Filing Your Florida Articles of Dissolution

To complete the process, file Articles of Dissolution with the Florida Division of Corporations (Sunbiz). The form must include:

  • LLC name and effective dissolution date.
  • The reason for dissolution (e.g., member vote).
  • Confirmation that all debts have been paid and assets distributed.
  • The name and address of the person authorized to wind up the company.

The filing fee is $25, payable to the Florida Department of State. You can file online via Sunbiz.org or by mail to the Division of Corporations. Online filings are typically processed within 2–3 business days, while mailed submissions can take up to a week.

Once accepted, you will receive an acknowledgment letter, and your LLC’s name becomes available for use by others 120 days after dissolution.

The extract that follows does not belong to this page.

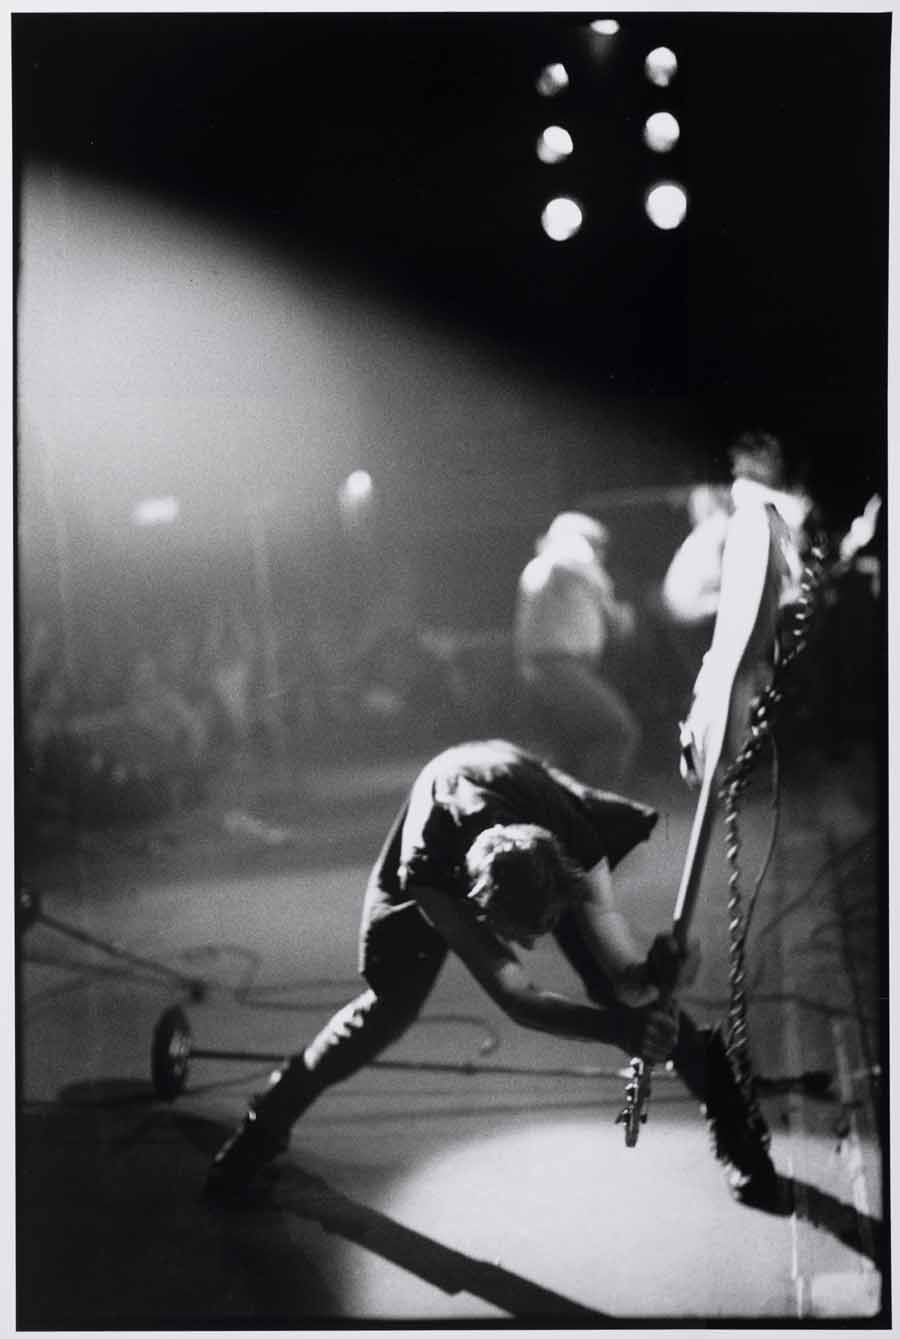 Pennie Smith, The Clash. Le choc, London calling, Noir et blanc
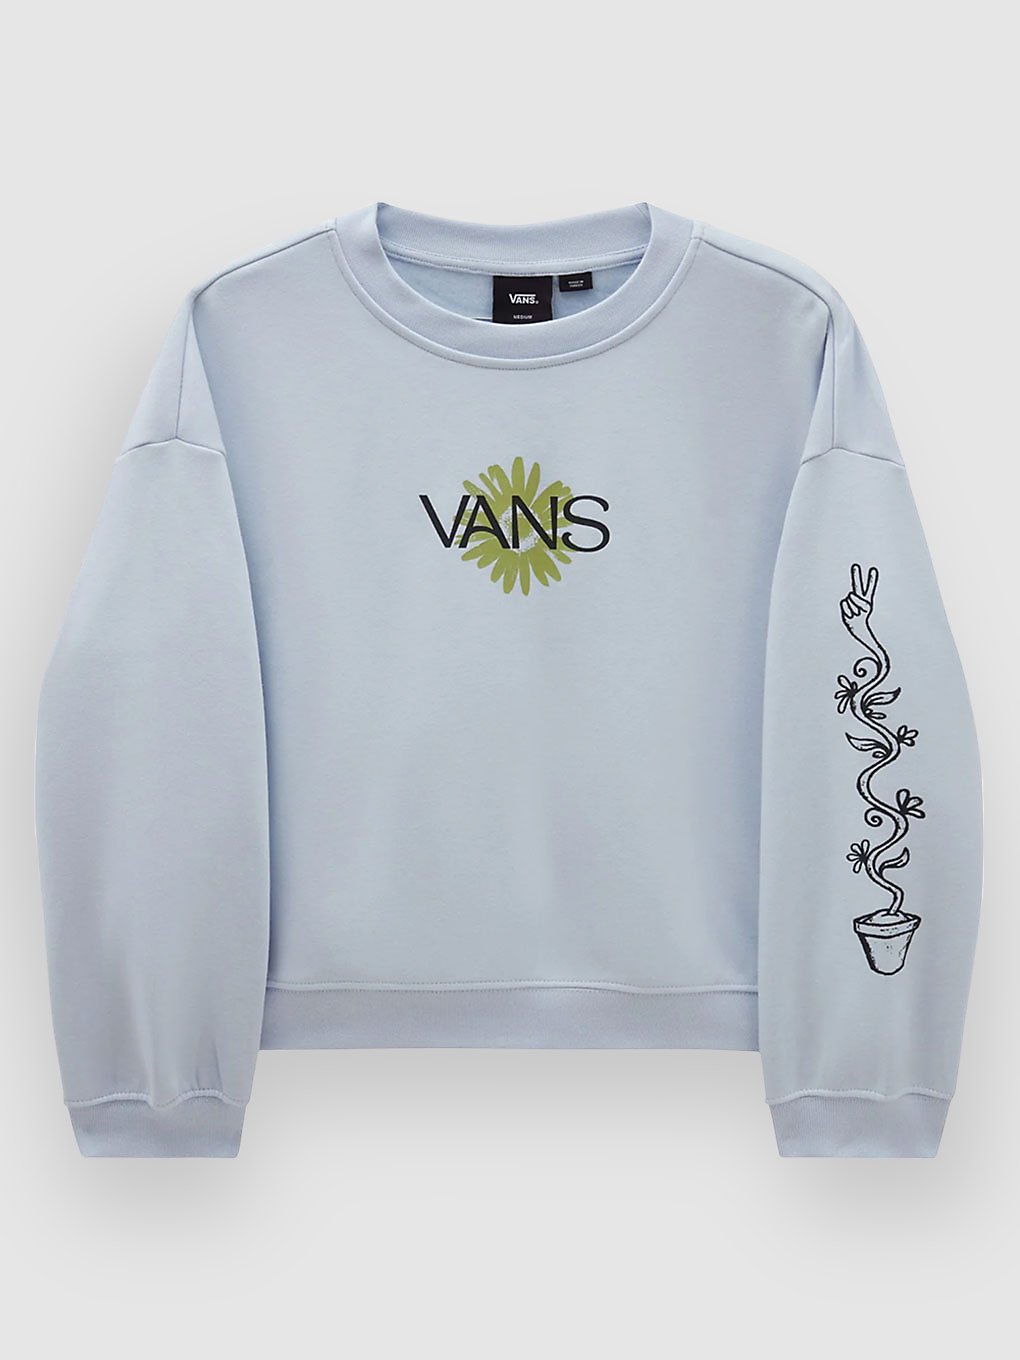 Vans Bee Peace Slouchy Crew Sweater halogen blue kaufen

Common Mistakes to Avoid When Dissolving a Florida LLC

Many business owners inadvertently face penalties by failing to properly complete dissolution. Common errors include:

  • Not filing Articles of Dissolution, leaving the LLC active in state records.
  • Ignoring tax filings, which can result in IRS penalties.
  • Failing to notify creditors, exposing members to future claims.
  • Overlooking out-of-state registrations, leading to recurring annual fees.

Avoiding these mistakes ensures that your LLC’s dissolution is legally valid and that members are not personally liable for post-dissolution obligations.

Frequently Asked Questions

1. How do I dissolve my LLC in Florida online?

You can dissolve your LLC online by filing Articles of Dissolution through the Florida Sunbiz website and paying the $25 fee.

2. Do I need to notify the IRS when dissolving my Florida LLC?

Yes. You should file a final federal tax return and mark the “final return” box on the appropriate IRS form (Form 1065 or Form 1120).

3. What happens if I don’t dissolve my LLC properly?

Your LLC will continue to incur annual report fees and may be subject to administrative dissolution or penalties from the state.

4. Do I need to notify creditors when dissolving my LLC?

Not legally required, but it’s highly recommended to send written notice and publish a public notice to protect against future claims.

5. Can I reopen my Florida LLC after dissolution?

Once dissolved, your LLC cannot be reinstated unless you form a new LLC. However, you can usually reuse the same name after 120 days if it’s still available.